For years, domestic sugar producers have benefited from import quotas that limit competition from foreign suppliers of sugar. As with all protectionism beneficiaries, they roll out all manner of bogus arguments to defend it (aptly characterized by William Graham Sumner’s description that “A wants protection; that is, he wants B’s money. A talks sentiment and metaphysics finely, and, after all, all there is in it is that he wants B’s money”). But one justification is particularly noteworthy for its blatant illogic.
That justification is that the program is free, because it costs taxpayers nothing. In one highly misleading sense, they are right. Sugar producers are assessed to cover the cost of running the sugar quota program, so that there is no direct tax cost to the regulatory apparatus. However, to assert that makes the program free should set off everyone’s “there ain’t no such thing as a free lunch” alarm. As with other regulatory restrictions whose administration costs are funded by assessments on those regulated, the “free” sugar program claim ignores the higher costs that are imposed on consumers by the restriction on imports. Given that it forces Americans to pay sugar prices far greater than what it could be imported for, this cost dwarfs the cost of running the program. The magnitude of the increased sugar costs is indicated by the number of candy producers, including the makers of Life Savers, Red Hots and Jaw Breakers, who have shifted production out of America to avoid what amounts to a steep sugar tax, whose proceeds are paid to domestic sugar producers through higher prices.
In fact, claiming that the sugar program is free is no different than claiming that allowing domestic sugar producers to finance attacks to sink ships carrying sugar to America would be free. Both restrict available supplies, raising sugar prices, which act as a subsidy to domestic producers. As Henry George observed long ago, protectionist policies “are as much applications of force as are blockading squadrons, and their object is the same—to prevent trade. The difference between the two is that blockading squadrons are a means whereby nations seek to prevent their enemies from trading; [protectionism] to prevent their own people from trading. What protection teaches us is to do to ourselves in time of peace what enemies seek to do to us in time of war.”
The “free” sugar program has many analogues in other restrictive regulatory policies. But that does not exhaust government abuses characterized as free.

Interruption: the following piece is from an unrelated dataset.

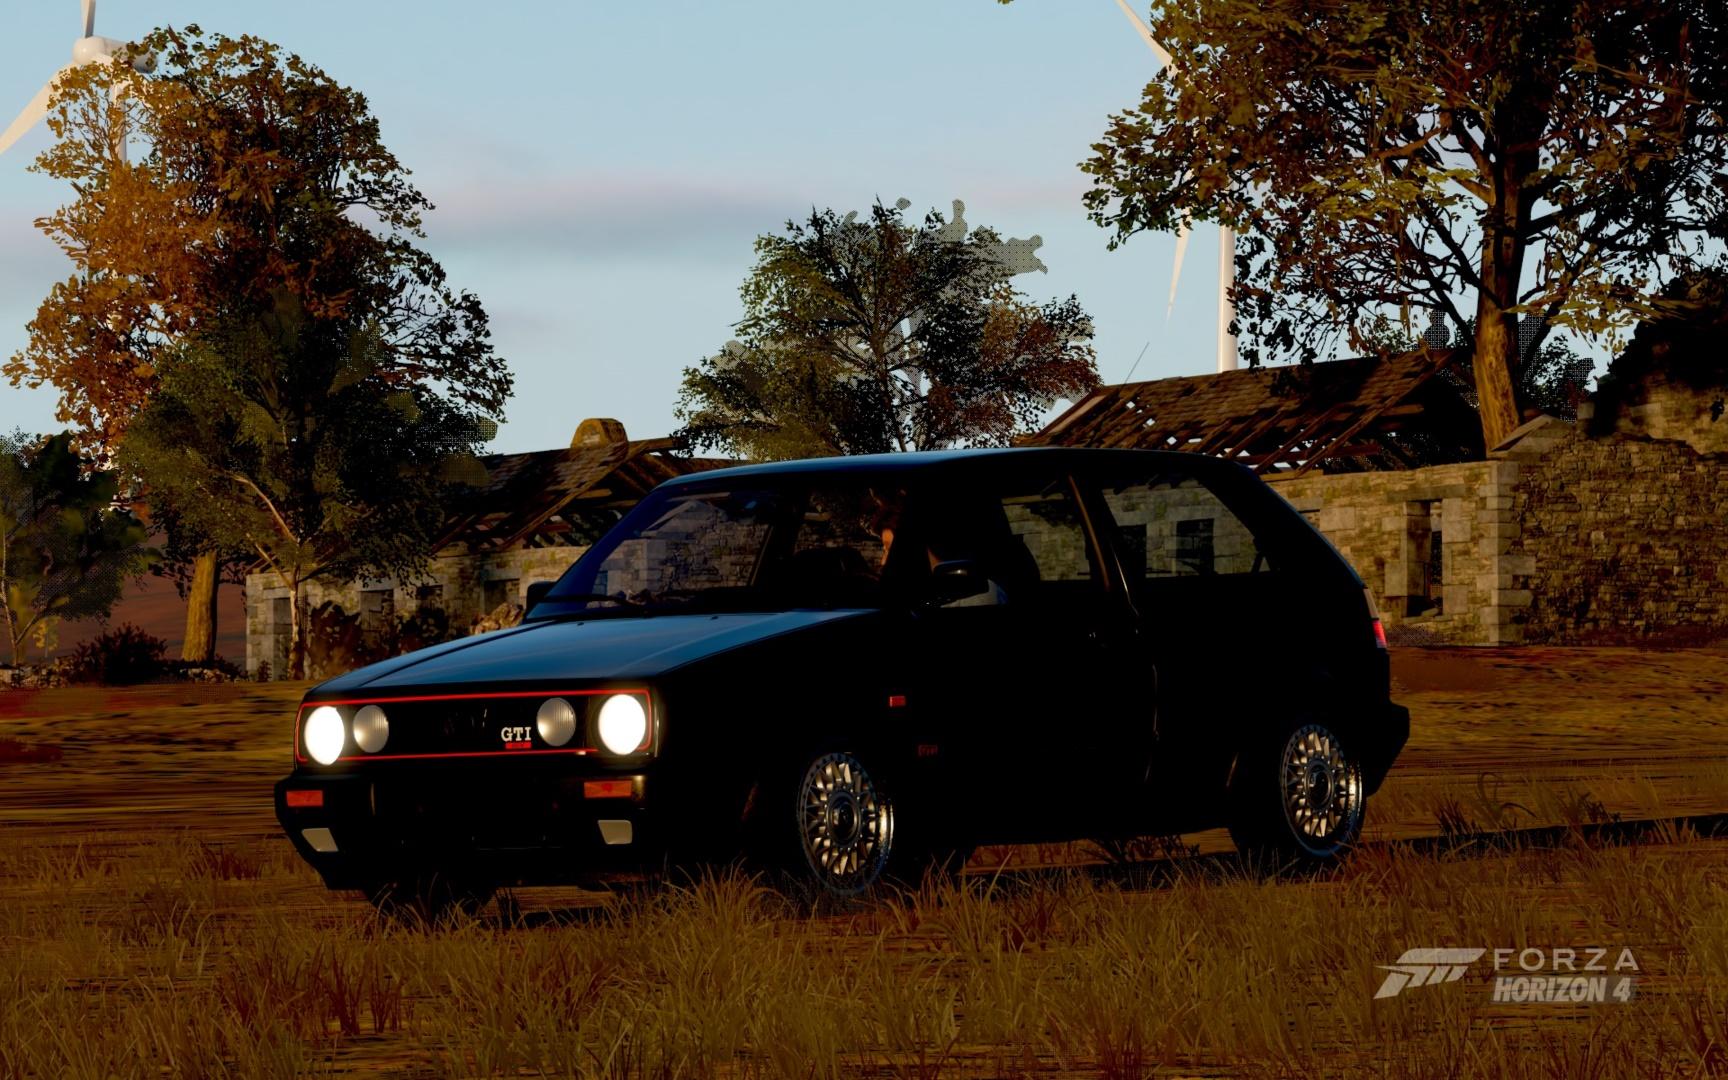 Forza_06.jpg

All manner of income redistribution programs are promoted as free to the recipient. But since government has only the resources it takes from others, it is far from free to Americans. Taking private property through regulation is a free (to the government) alternative having to pay for it, since courts have ruled that compensation need not be paid as long owners are left any productive use of property. Government projects have treated resources it already owns, particularly land, as free, ignoring the value of the assets’ other productive uses that must be foregone. For years the Army Corps of Engineers justified projects by using a zero interest rate to discount future benefits, as if the use of financial resources was free.
In these and other cases, when the government or those who benefit from controlling its ability to coerce others use the word free, it is never as sweet a deal as it appears. “Free” then really means “someone else will get stiffed, so why worry about whether a program really makes sense or about the violations of others’ rights involved?”
Ronald Reagan once said “The nine most terrifying words in the English language are: ‘I’m from the government and I’m here to help.’” But when “and its free” gets added, it can make a dirty dozen that are even more terrifying to the rest of us.